Will I be able to still get tamoxifen if we stay here longer than three months? What about my next oncologist visit? I am skipping my summer check up because of the pandemic.

Do I dare skip another biannual check up?

Does it matter?

boxes of nolvadex, name-brand tamoxifen
Novadex boxes Ellen bought in Kuala Lumpur, Malaysia, in 2018.

I have two oncologists in Malaysia. One in Kuala Lumpur, one in Penang. We are/were hoping to get to Malaysia by October.

Currently, Malaysia allows medical tourists. Great news, right? Well, except if you’re American.

If all you have is an American passport, you aren’t allowed into Malaysia. Period. I’m hoping that status will change in the weeks ahead.
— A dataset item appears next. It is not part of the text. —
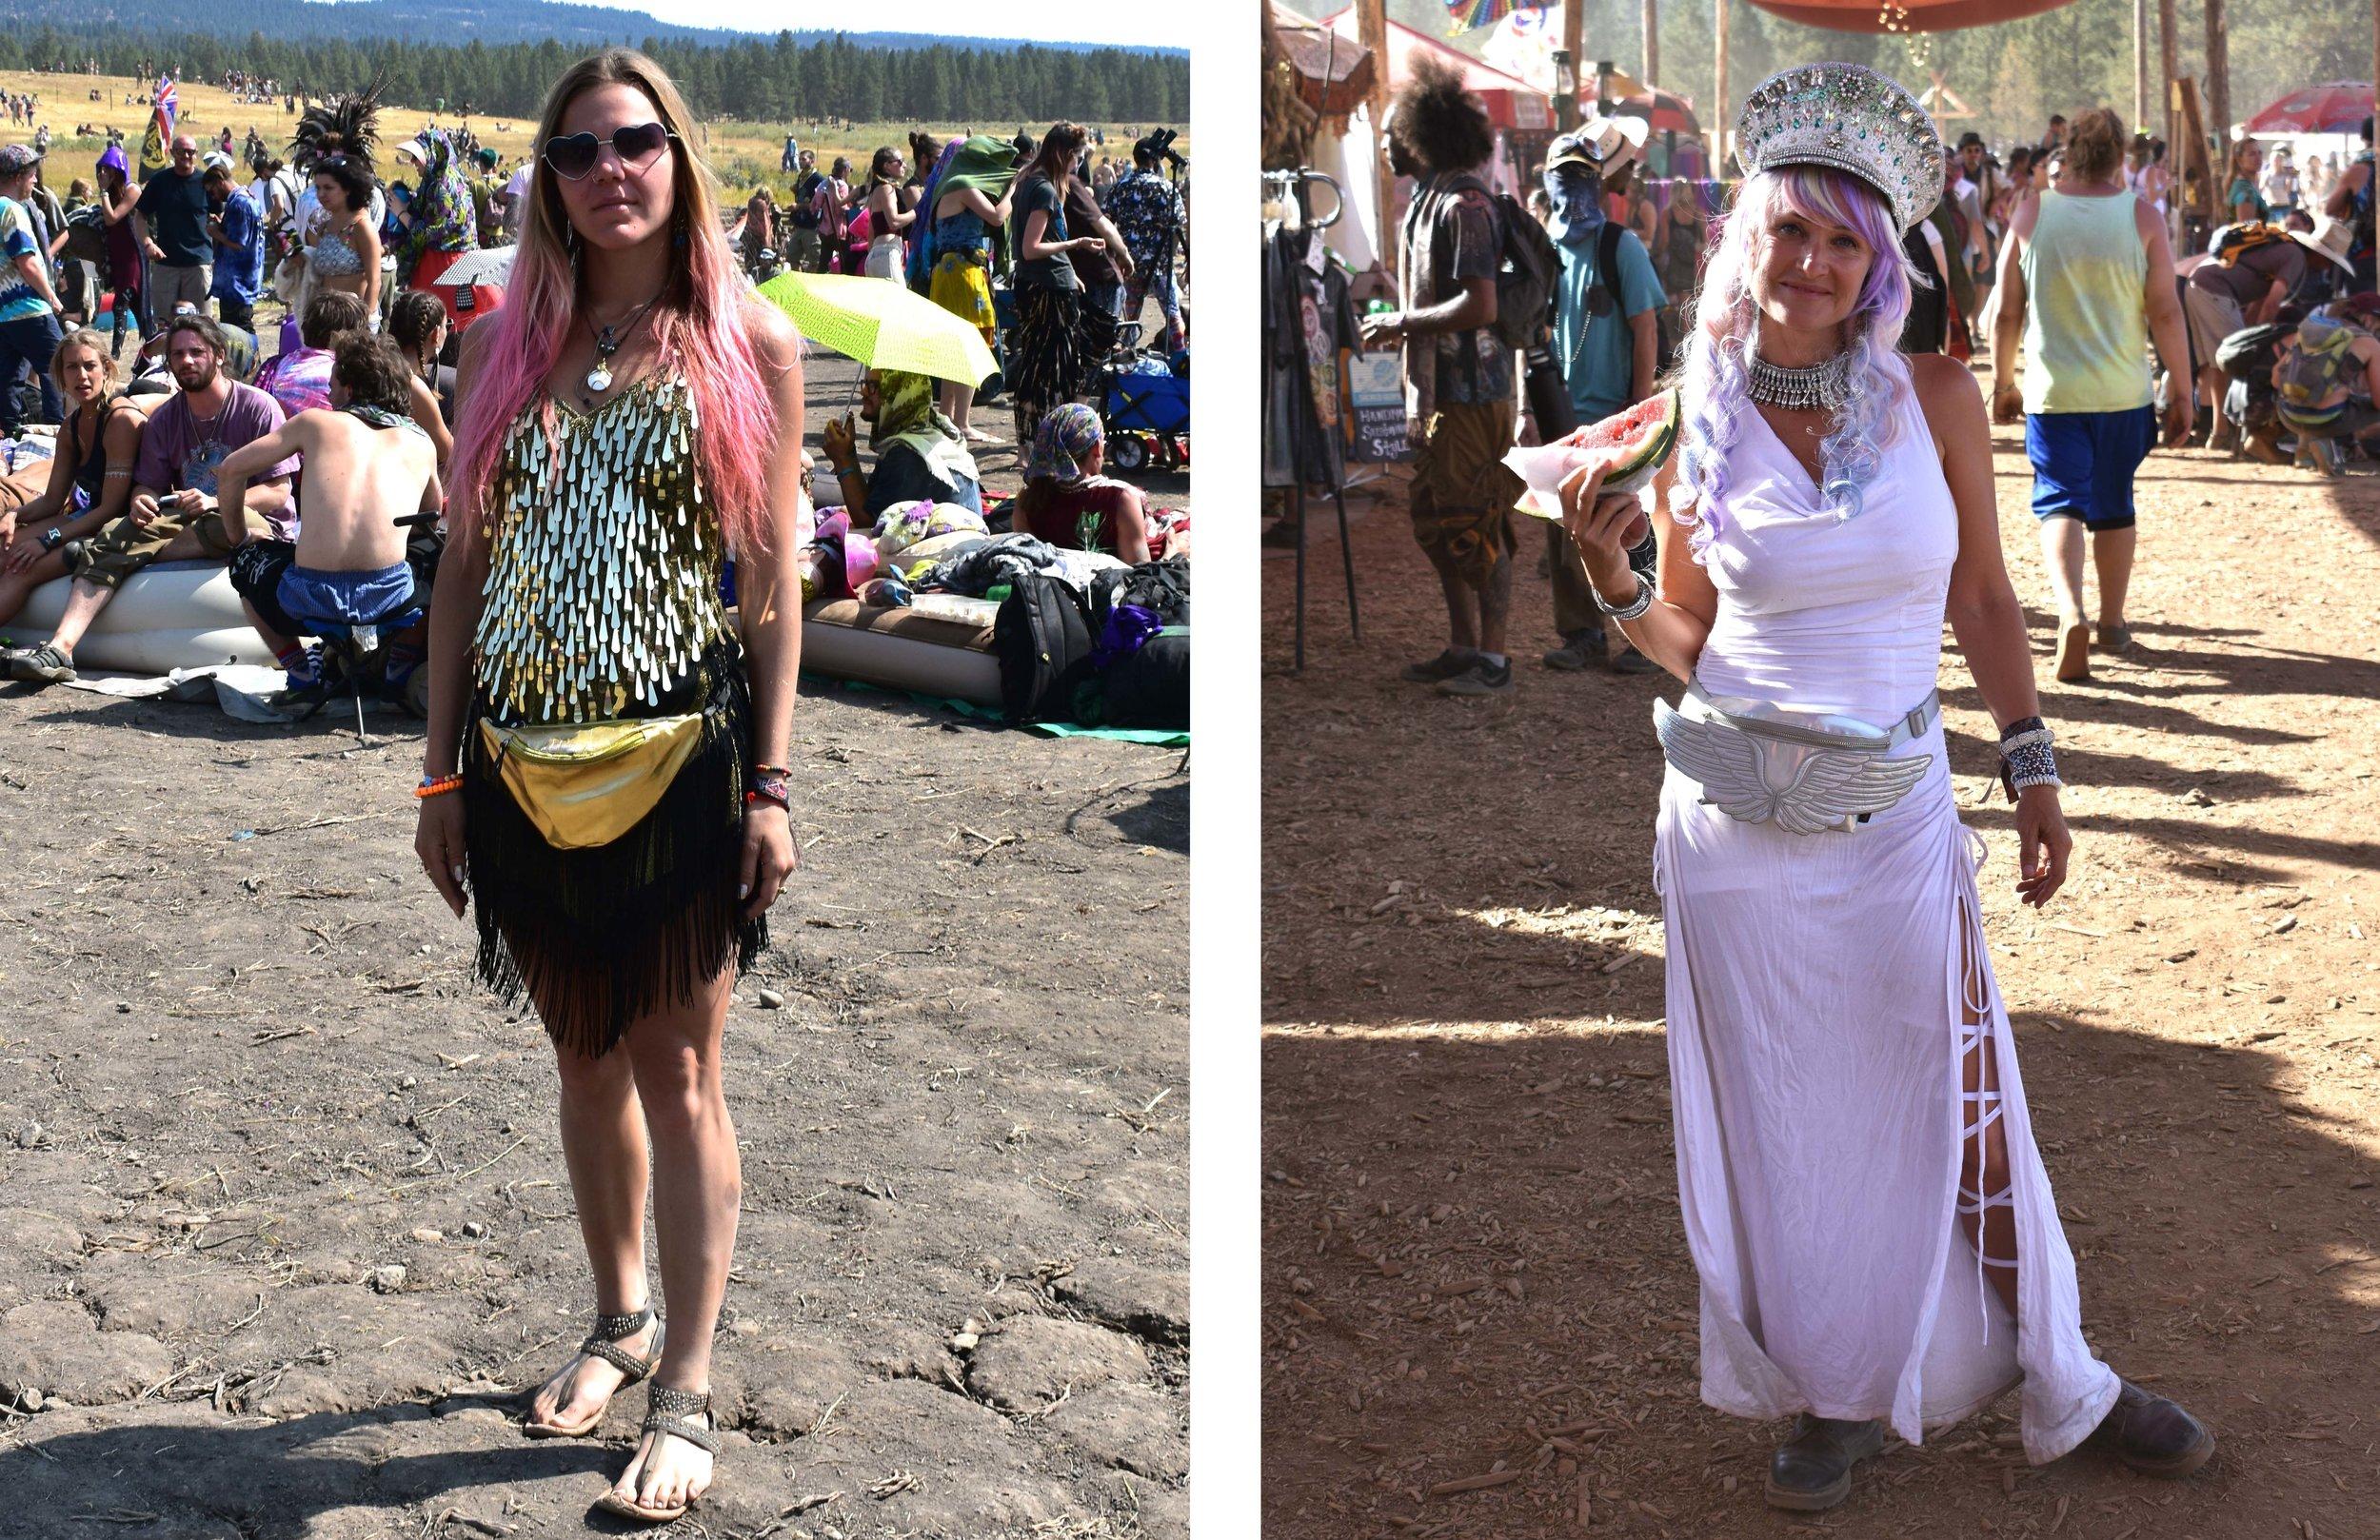 Oregon Eclipse 2017 -Symbiosis - Big Summit Prairie - Envision Festival - Sonic Bloom - Rainbow Serpent - Jaded London - Chrome Monarchy - Style Guide - Florum Magazine - Hadra - Global Gathering - Lighting in a Bottle - Festie Captain Hat - White Wednesday - Burning Man - Sparkle Pony

A kind Scotsman I met in Kalibo tells me Iloilo Doctors’ Hospital has good, modern equipment and a full staff of specialty doctors. Iloilo is the largest city on Panay Island, a six-hour bus ride from where we are living at the moment. Iloilo is in a different province, and previous lockdowns prevented travel between Aklan (my province) and Iloilo.

If I went to Iloilo in December, could I get back into Aklan? Who knows what will happen in the future. But they just locked down Manila again. Should I go sooner? By all indications, it appears this pandemic will get worse before it gets better.

I ask myself again: Does it even matter?

Sometimes I sit in a place of ‘fuck it’. Life is now. Truly.

So I better simply enjoy it.

breast cancer warrior in a pandemic with her husband on white beach in borcay, philippines
Tedly and Ellen on White Beach, Boracay Island, Philippines, August 2020.

Thanks for reading, “Breast cancer warrior in a pandemic: Fear, tamoxifen, anxiety, escitalopram.”